Islam khususnya, buku ini dapat menjadi sumber acuan untuk memahami Ilmu
Hadits dan mendapat wawasan ilmu keislaman klasik yang pada saat ini sering
dilupakan oleh umat Islam pada khususnya. Dalam buku ini, pengarang mencoba
membahas segala sesuatu tentang hadits sampai dengan perkembangannya secara
gamblang membuat buku ini menarik untuk dipelajari.

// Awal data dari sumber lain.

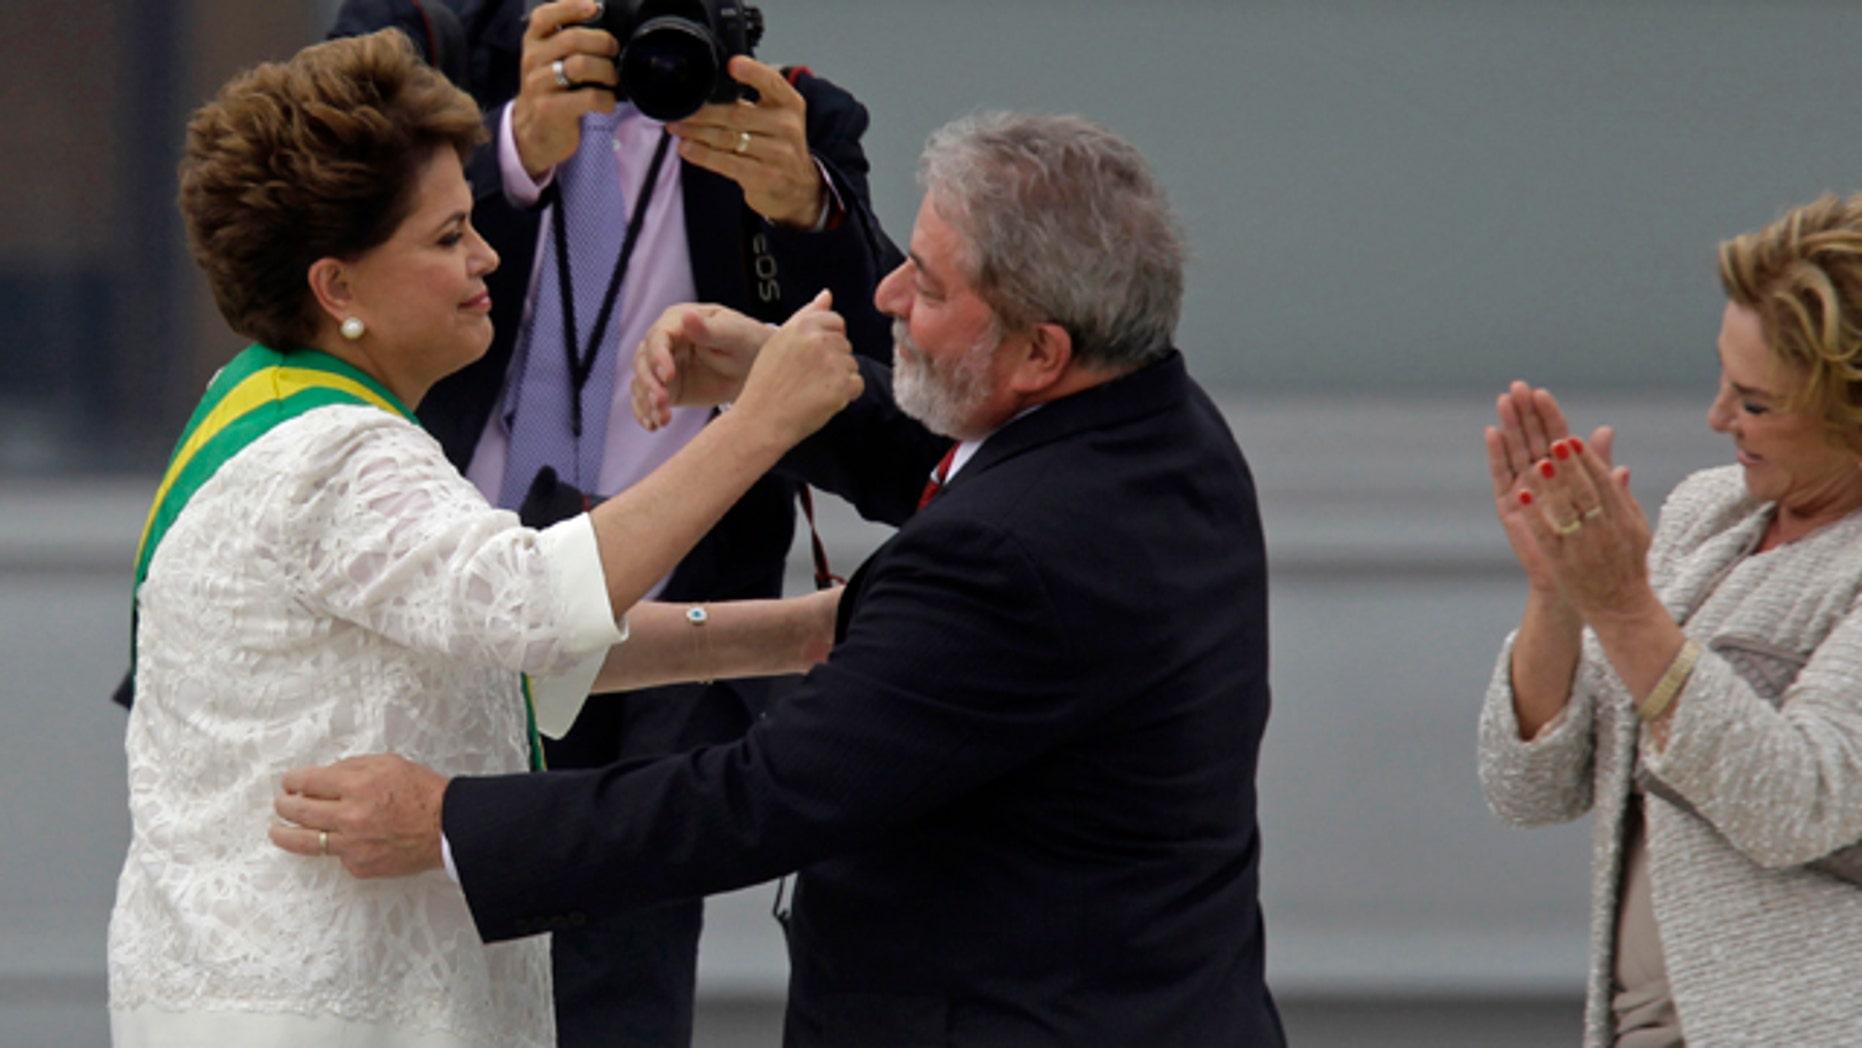 Jan. 1, 2011: Brazil´s outgoing President Luiz Inacio Lula da Silva embraces Brazil's President Dilma Rousseff after placing the presidential sash on her at the Planalto palace in Brasilia, Brazil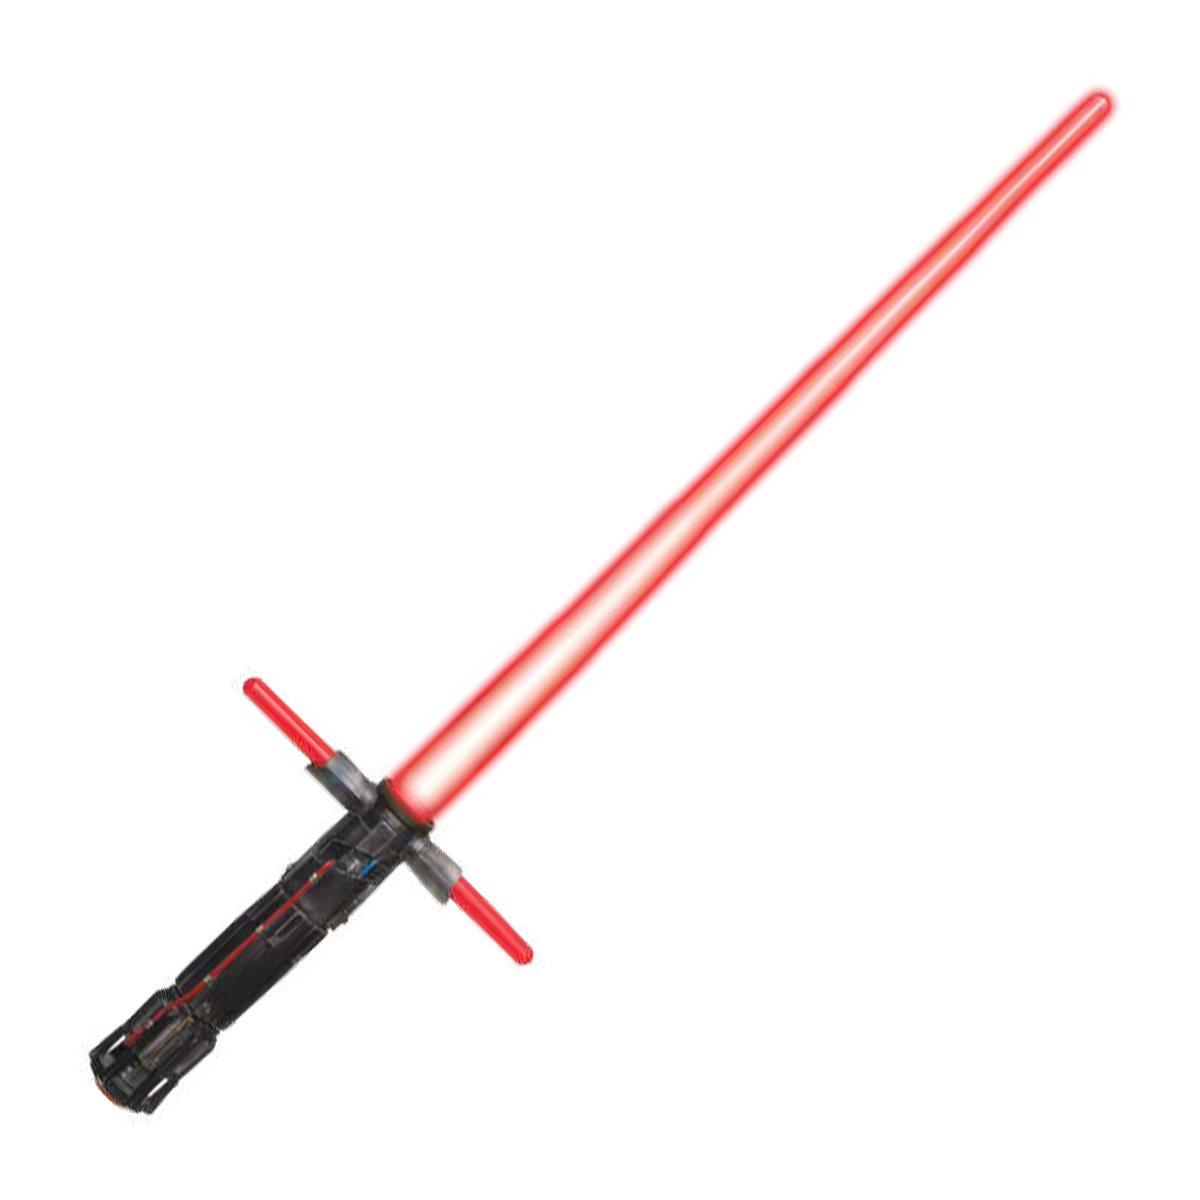 Star Wars The Rise Of Skywalker Kylo Ren Lightsaber Entertainment Earth

Namun, buku ini agak sedikit kurang dipahami karena terlalu banyaknya sub-sub
judul yang menjadi penjelasan terhadap pokok bahasannya. Sehingga dalam
pemahamannya ditemukan berbagai kesulitan. Kemampuan penulis dalam
menjabarkan contoh tidak begitu menekankan kepada inti permasalahannya,
sehingga diperlukan analisis dan pemahaman yang mendalam.
E. PENUTUP
Kesimpulan :
Hadits merupakan sumber ajaran Islam setelah Al-Quran yang bersumber dari
Rasulullah SAW, berupa perkataan, perbuatan maupun taqrirnya. Hadits yang
diterima dari Rasul tersebut berjumlah 800 ribu, suatu jumlah yang sangat banyak
ketimbang Al-Quran yang hanya sekitar 6 ribu ayat. Di dalam buku ini menjelaskan
tentang pengertian Ilmu Hadits yang berarti ilmu hadist adalah ilmu pengetahuan
yang mempelajari tentang sesuatu yang disandarkan kepada Rasul SAW, baik
berupa perkataan, perbuatan, taqrir atau sifat-sifatnya. Di buku ini juga membahas
istilah-istilah hadits, sejarah dan perkembangannya, hadits palsu juga memaparkan
hadits ditinjau dari segi kualitas dan kuantitasnya, dan juga ilmu cara dan langkahlangkah untuk menganalisis suatu hadits. Buku ini sangat cocok bagi para umat
Islam dan kaum terpelajar mahasiswa perguruan tinggi Islam khususnya, buku ini
dapat menjadi sumber acuan untuk memahami Ilmu Hadits dan mendapat wawasan
ilmu keislaman klasik yang pada saat ini sering dilupakan oleh umat Islam pada
khususnya. Namun, buku ini agak sedikit kurang dipahami karena terlalu banyaknya
sub-sub judul yang menjadi penjelasan terhadap pokok bahasannya. Sehingga
dalam pemahamannya ditemukan berbagai kesulitan.